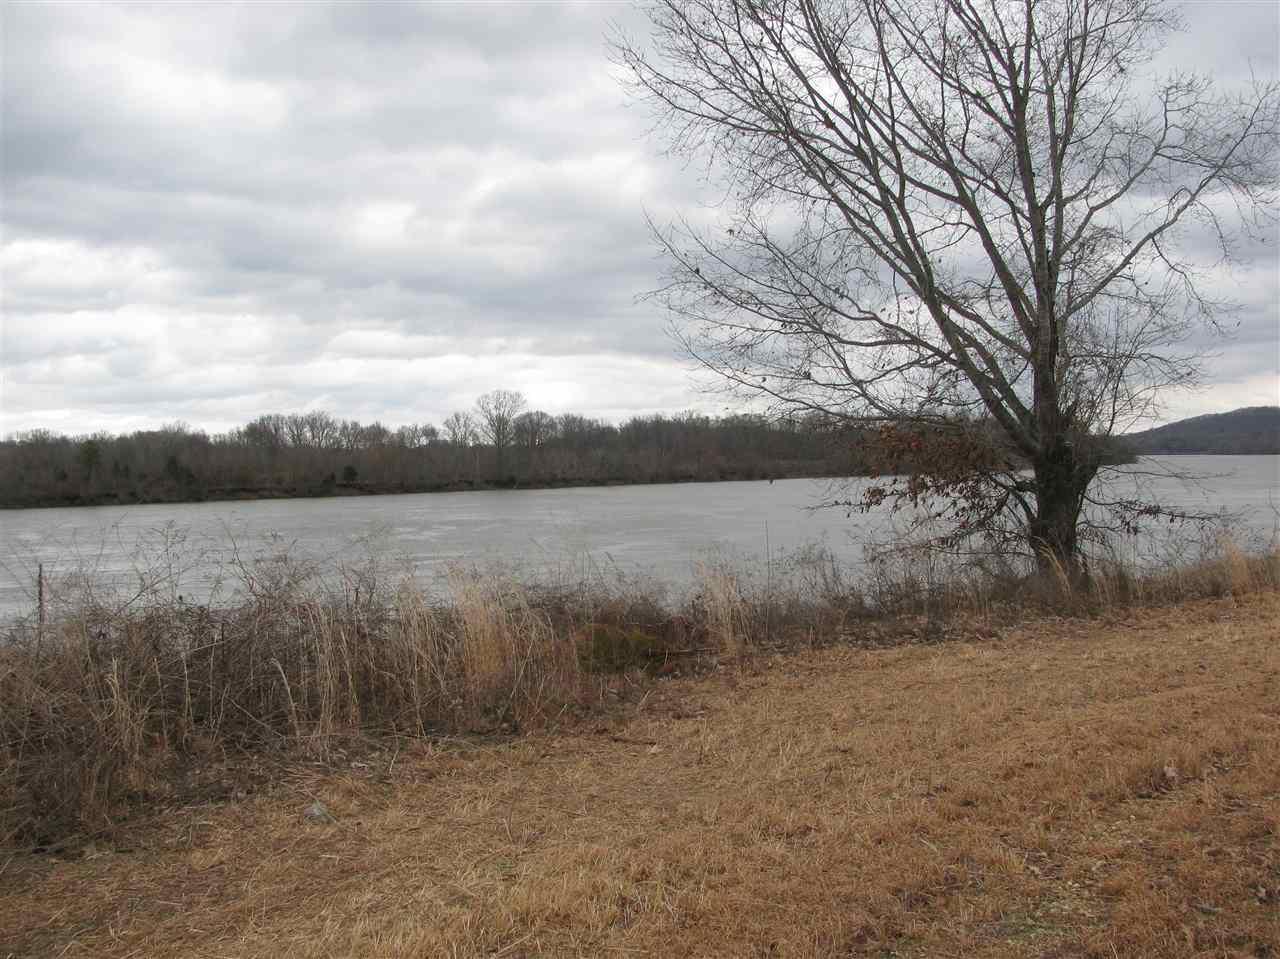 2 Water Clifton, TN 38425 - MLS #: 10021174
...
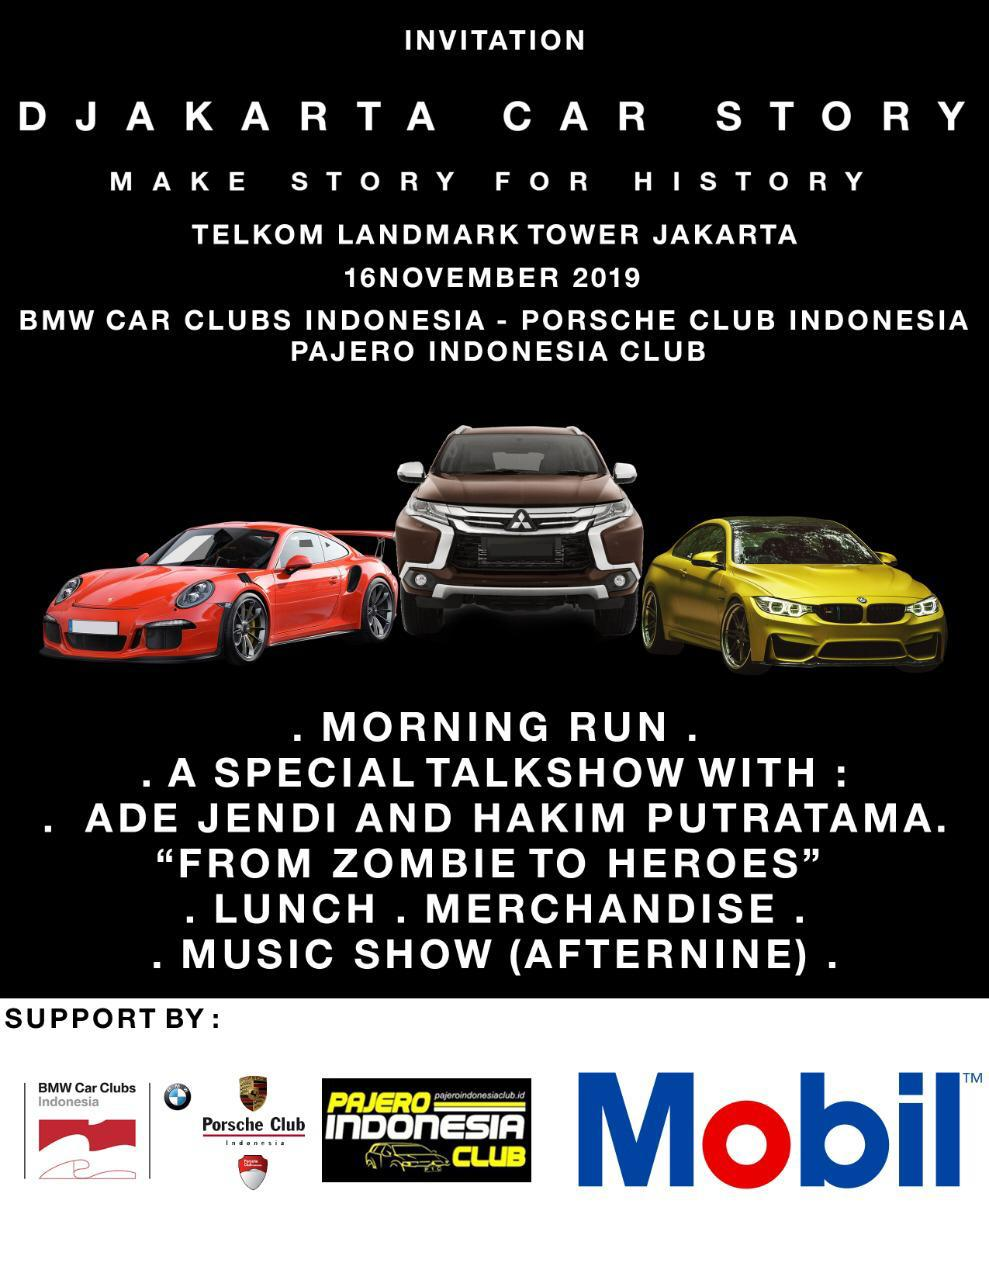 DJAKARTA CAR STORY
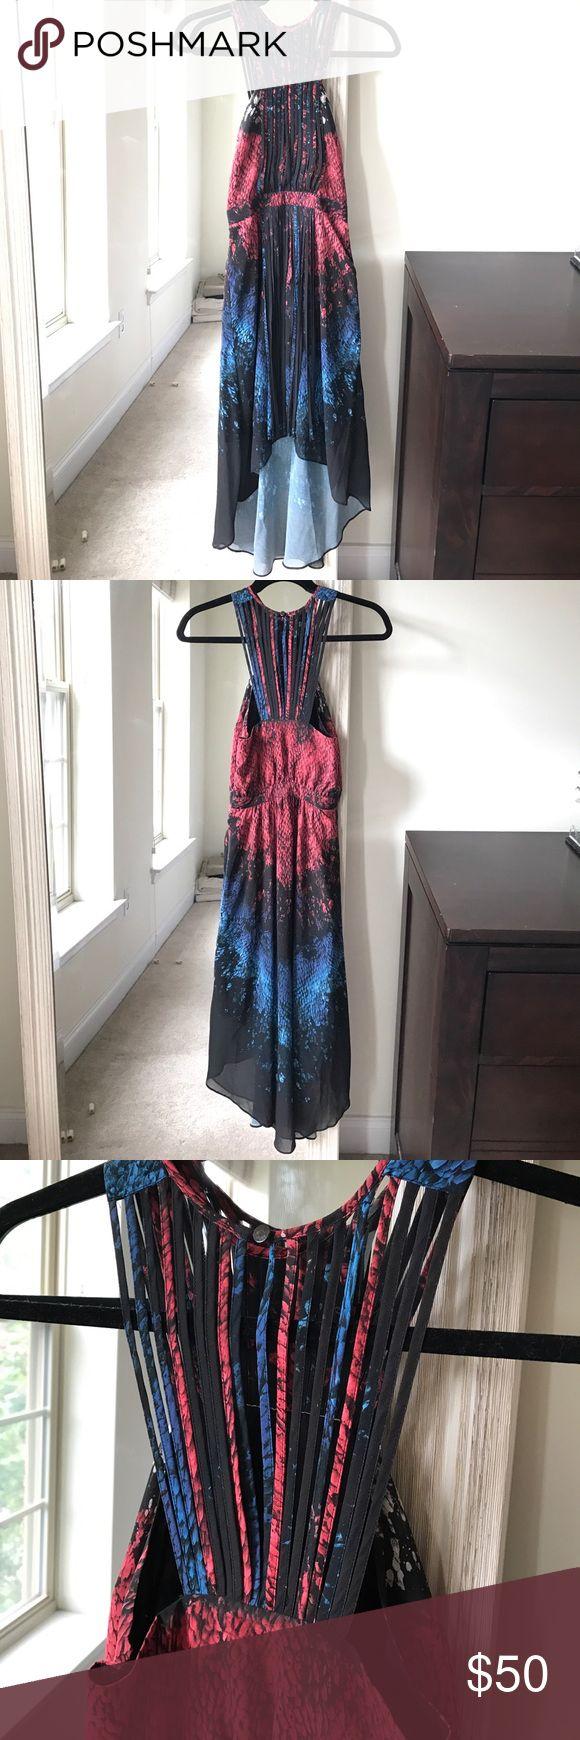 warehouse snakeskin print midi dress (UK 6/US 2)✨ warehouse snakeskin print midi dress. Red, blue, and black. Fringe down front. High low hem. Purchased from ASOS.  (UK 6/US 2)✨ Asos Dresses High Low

About this exercise: With pictures omitted, repeat the entries above word for word from the line holding "DJAKARTA CAR STORY" down to the line holding "warehouse snakeskin print midi dress (UK", keeping both of those lines.

Result of the task:
 DJAKARTA CAR STORY
 warehouse snakeskin print midi dress (UK 6/US 2)✨ warehouse snakeskin print midi dress. Red, blue, and black. Fringe down front. High low hem. Purchased from ASOS.  (UK 6/US 2)✨ Asos Dresses High Low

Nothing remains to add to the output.